NO EXPERTS NEED APPLY
In 2002, a distinguished historian wrote that the widely told tales of “No Irish Need Apply” signs in late nineteenth-century America were myths. The University of Illinois professor Richard Jensen said that such signs were inventions, “myths of victimization,” passed down from Irish immigrants to their children until they reached the unassailable status of urban legends. For over a decade, most historians accepted Jensen’s scholarship on the matter. Opponents of Jensen’s thesis were dismissed—sometimes by Jensen himself—as Irish-American loyalists.
In a 2015 story that seemed to encapsulate the death of expertise, an eighth grader named Rebecca Fried claimed that Jensen was wrong, not least because of research she did on Google. She was respectful, but determined. “He has been doing scholarly work for decades before I was born, and the last thing I want to do was show disrespect for him and his work,” she said later. It all seemed to be just another case of a precocious child telling an experienced teacher—an emeritus professor of history, no less—that he had not done his homework. As it turns out, she was right and he was wrong. Such signs existed, and they weren’t that hard to find. For years, other scholars had wrestled with Jensen’s claims, but they fought with his work inside the thicket of professional historiography. Meanwhile, outside the academy, Jensen’s assertion was quickly accepted and trumpeted as a case of an imagined grievance among Irish-Americans. (Vox, of course, loved the original Jensen piece.)

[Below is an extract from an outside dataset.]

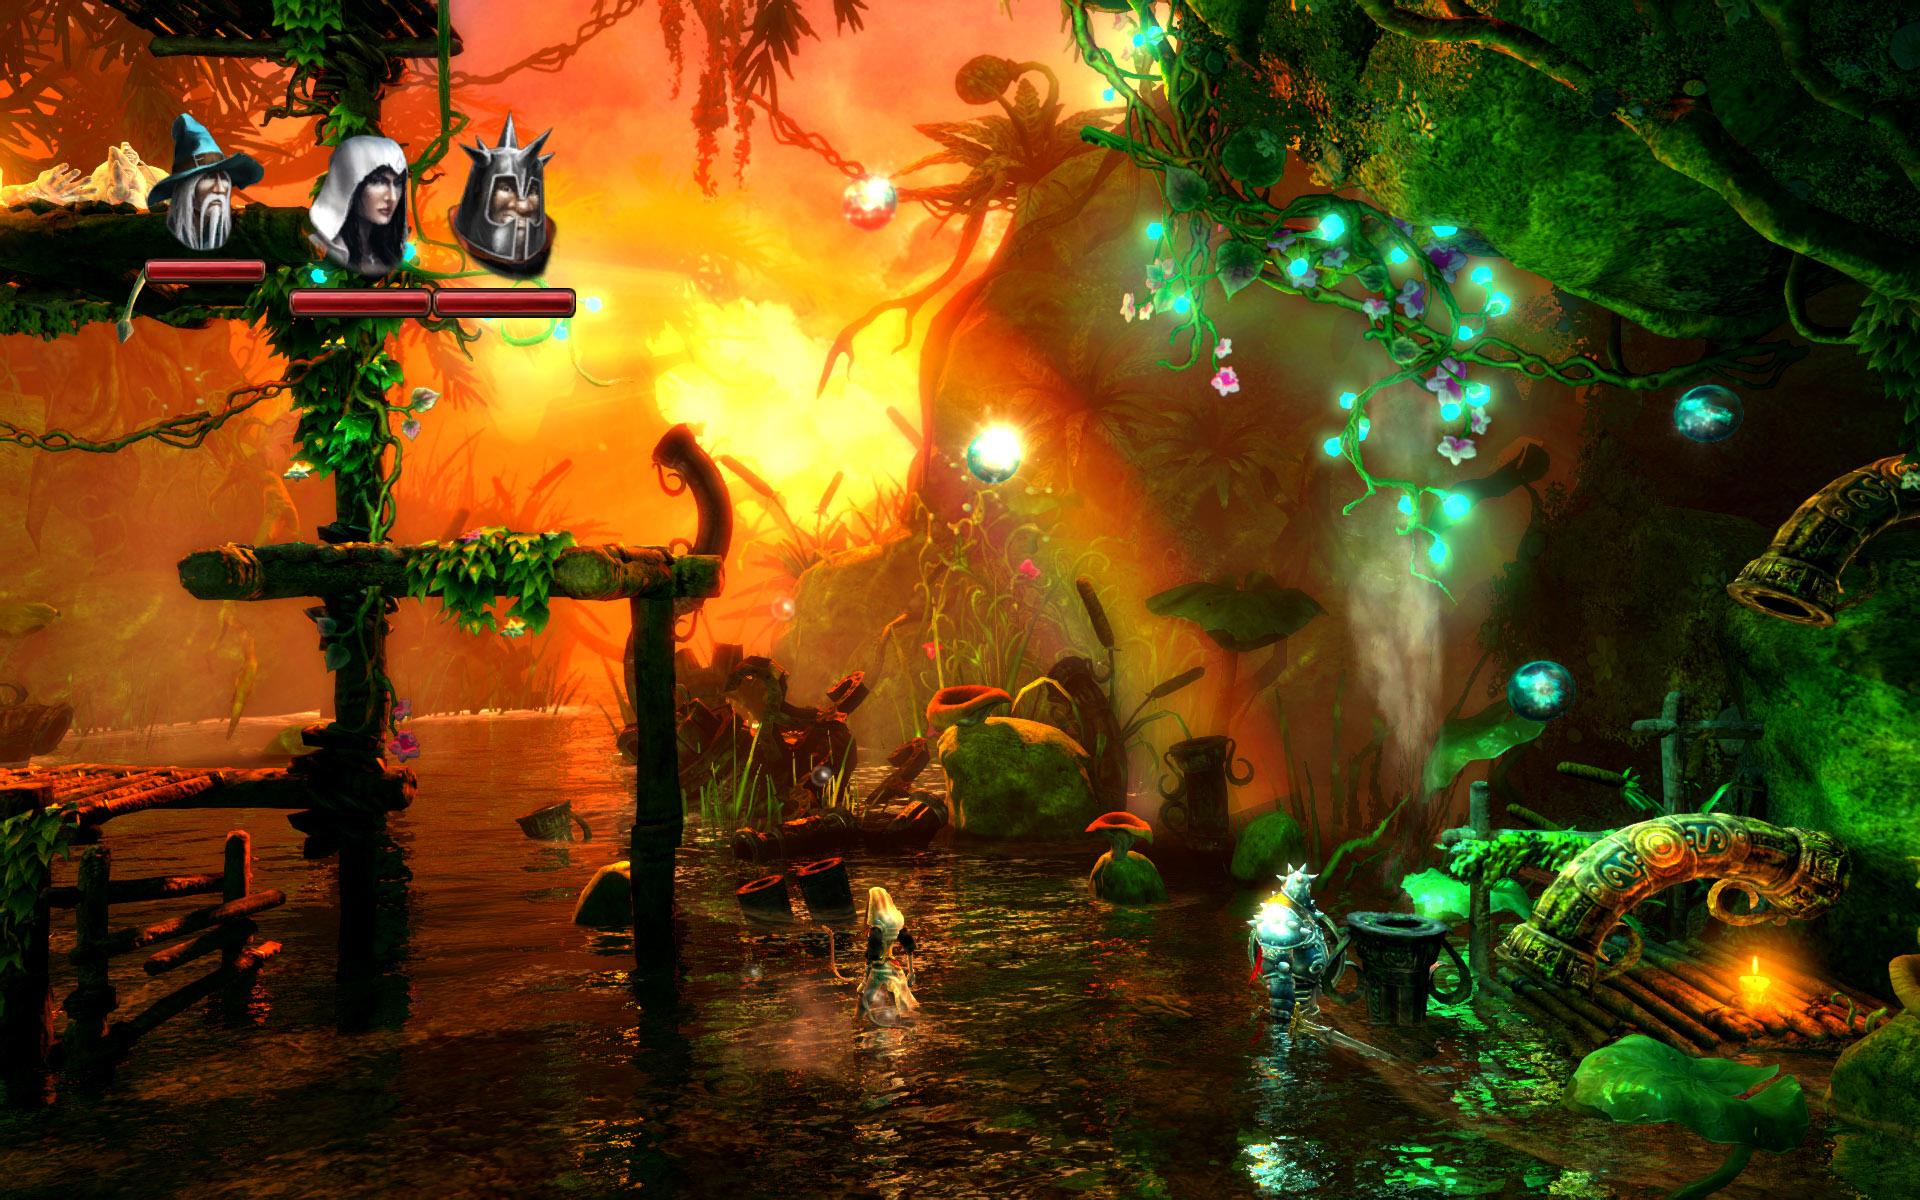 Game Trine 2 Free Download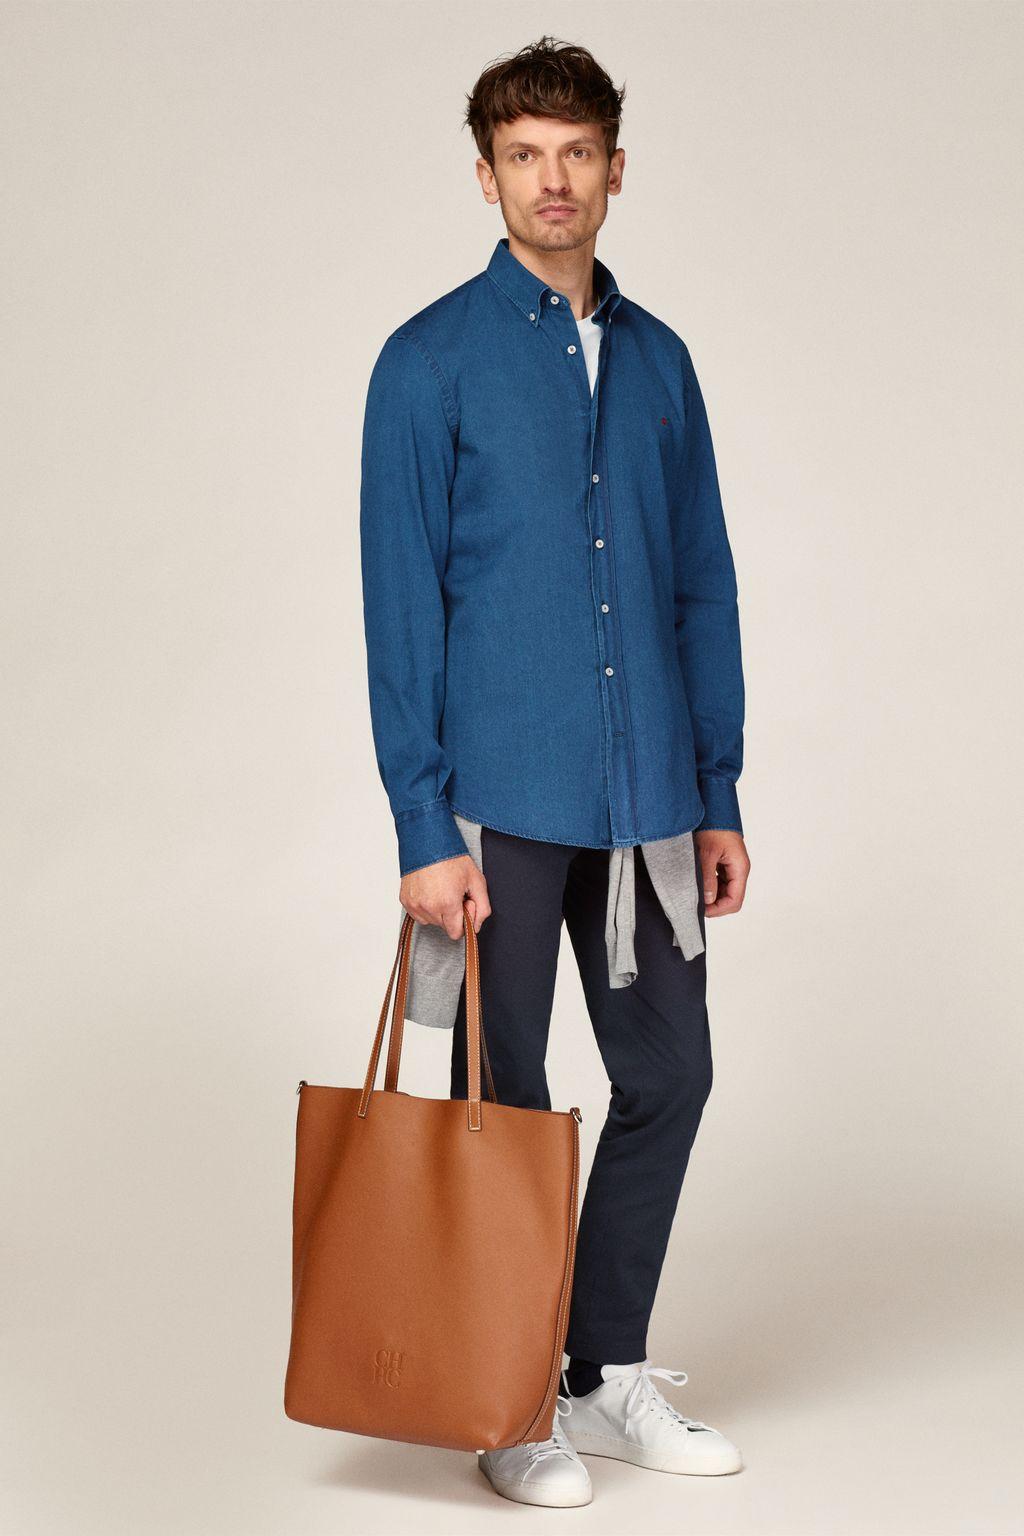 Denim shirt with selvedge

Young Rebecca, however, did what a sensible person would: she started looking through databases of old newspapers. She found the signs, as the Daily Beast later reported, “collecting a handful of examples, then dozens, then more. She went to as many newspaper databases as she could. Then she thought, somebody had to have done this before, right?” As it turned out, neither Jensen nor anyone else had apparently bothered to do this basic fact-checking. Jensen later fired back, trying to rebut the work of a grade-schooler by claiming that he was right but that he could have been more accurate in his claims. Debate over his thesis, as the Smithsonian magazine later put it, “may still be raging in the comments section” of various Internet lists, but Fried’s work proves “that anyone with a curious mind and a nose for research can challenge the historical status quo.” Miss Fried, for her part, has now entered high school with a published piece in the Journal of Social History.